Okay Voxel, I will load your new 24SF probably tonight when I can get some down time. I am still worried about Netgear not fixing their terrible openvpn certificate and key generation though. From what I can see in their firmware implementation, they have the certificates and keys all embedded in their firmware and when you reboot or restart their openvpn, it just extracts the configs from their firmware into a .tar file and then untars their hard coded config keys into place in the /tmp/openvpn directory. If those keys are not generated uniquely each time the Netgear router starts openvpn, then it seems to me that everyone with this Netgear R7800 router will have the same exact configs, certificates and keys!
I can't believe Netgear management is not concerned about this security exposure enough to fix it. All these years it has been like this. Most casual users won't be aware of this exposure when they enable their openvpn. Wow!

 

[Voxel]

This firmware is really great!
I am just a little Leary about reloading from a backup cause all the guys in the RMerlin thread advise against it on the Asus(Which I use as a bridge on RT-3100.). It does seem to work ok on the R7800 so far, but I am just a worrier. So I try to be as careful as I can.

You can restore your settings from backup. No problems if you upgrade from my 1.0.2.23SF to my 1.0.2.24SF.

Voxel.

 

[Voxel]

Okay Voxel, I will load your new 24SF probably tonight when I can get some down time. I am still worried about Netgear not fixing their terrible openvpn certificate and key generation though. From what I can see in their firmware implementation, they have the certificates and keys all embedded in their firmware and when you reboot or restart their openvpn, it just extracts the configs from their firmware into a .tar file and then untars their hard coded config keys into place in the /tmp/openvpn directory. If those keys are not generated uniquely each time the Netgear router starts openvpn, then it seems to me that everyone with this Netgear R7800 router will have the same exact configs, certificates and keys!
I can't believe Netgear management is not concerned about this security exposure enough to fix it. All these years it has been like this. Most casual users won't be aware of this exposure when they enable their openvpn. Wow!

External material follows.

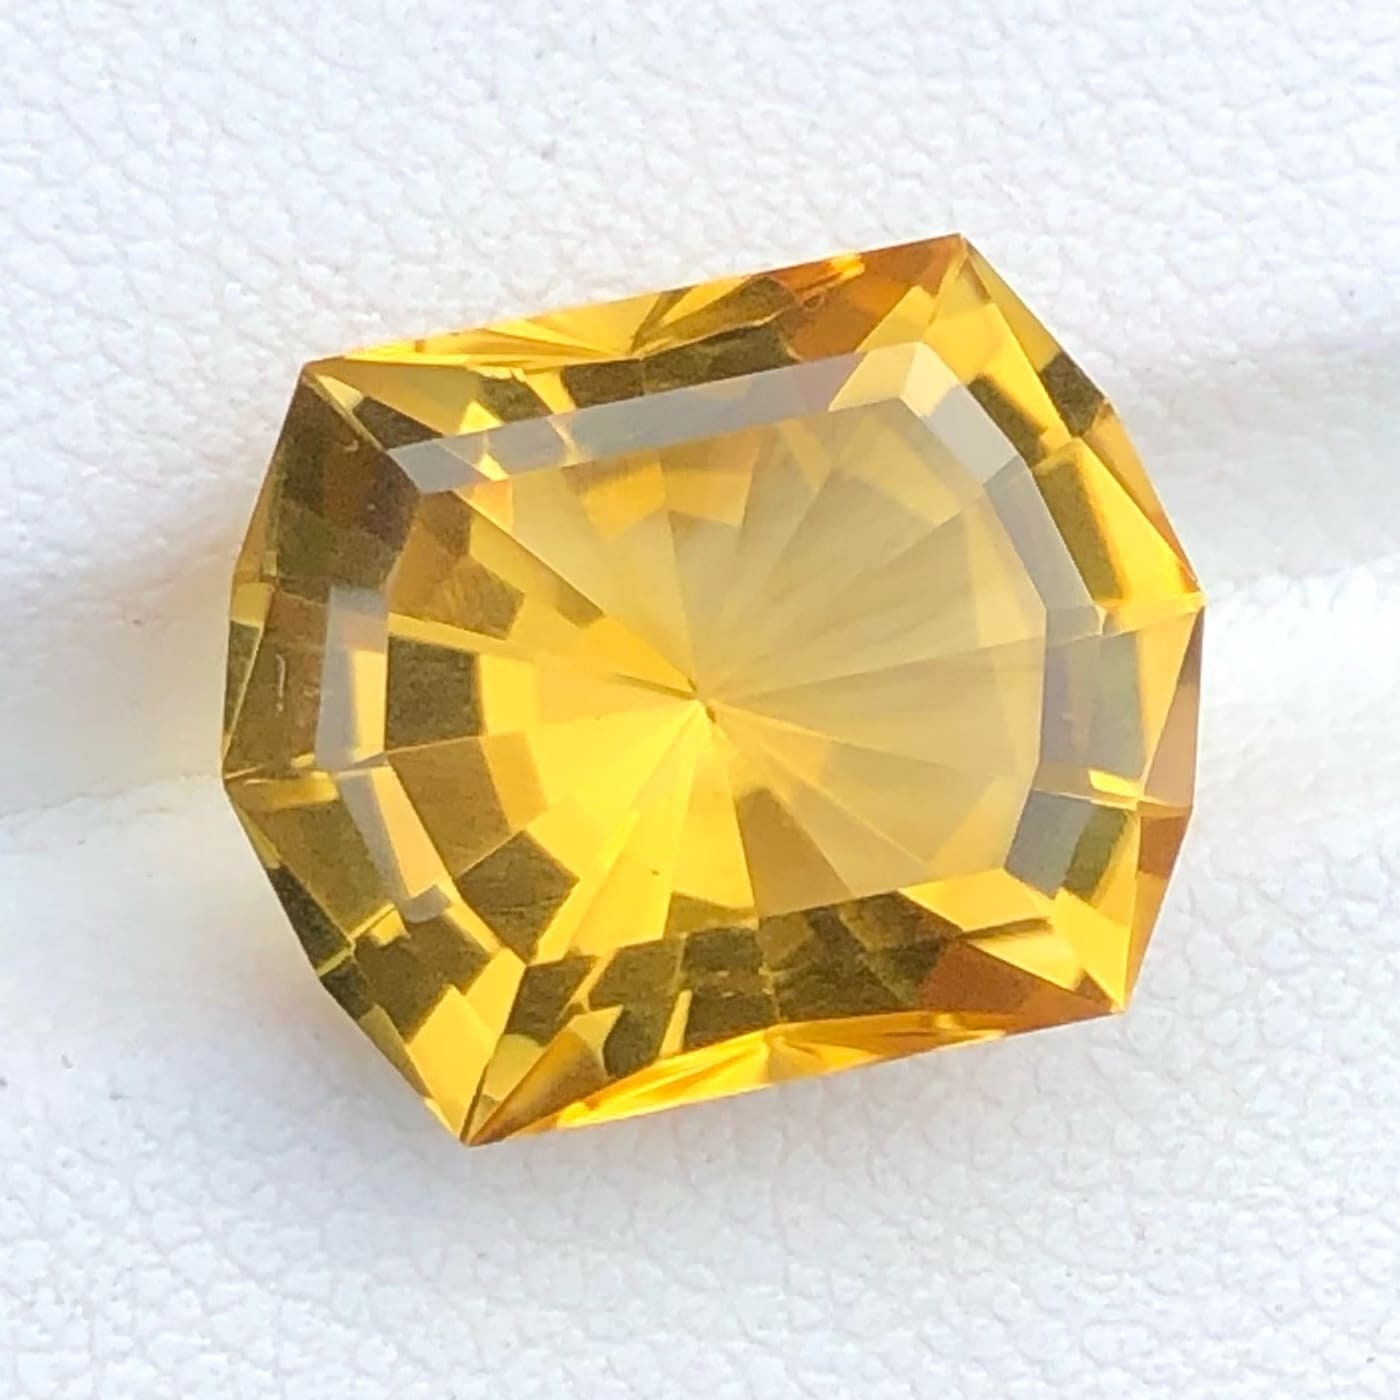 Fancy Cut Loose Gemstone for Jewelry Loupe Clean 3.70cts Natural Yellowish Orange Citrine Yellowish Orange Citrine 10.3 x 9.9 x 7.2 MM

IMO it is not so dangerous to use generated by firmware keys/ca/certs. I did not investigate this in deep, but logically if you do not share such generated CA, then it cannot not be used by third party to sign their client cert/keys. And your VPN will not accept alien clients.

(But I’m using my own Paranoia )

Voxel.

 

[staticfree]

IMO it is not so dangerous to use generated by firmware keys/ca/certs. I did not investigate this in deep, but logically if you do not share such generated CA, then it cannot not be used by third party to sign their client cert/keys. And your VPN will not accept alien clients.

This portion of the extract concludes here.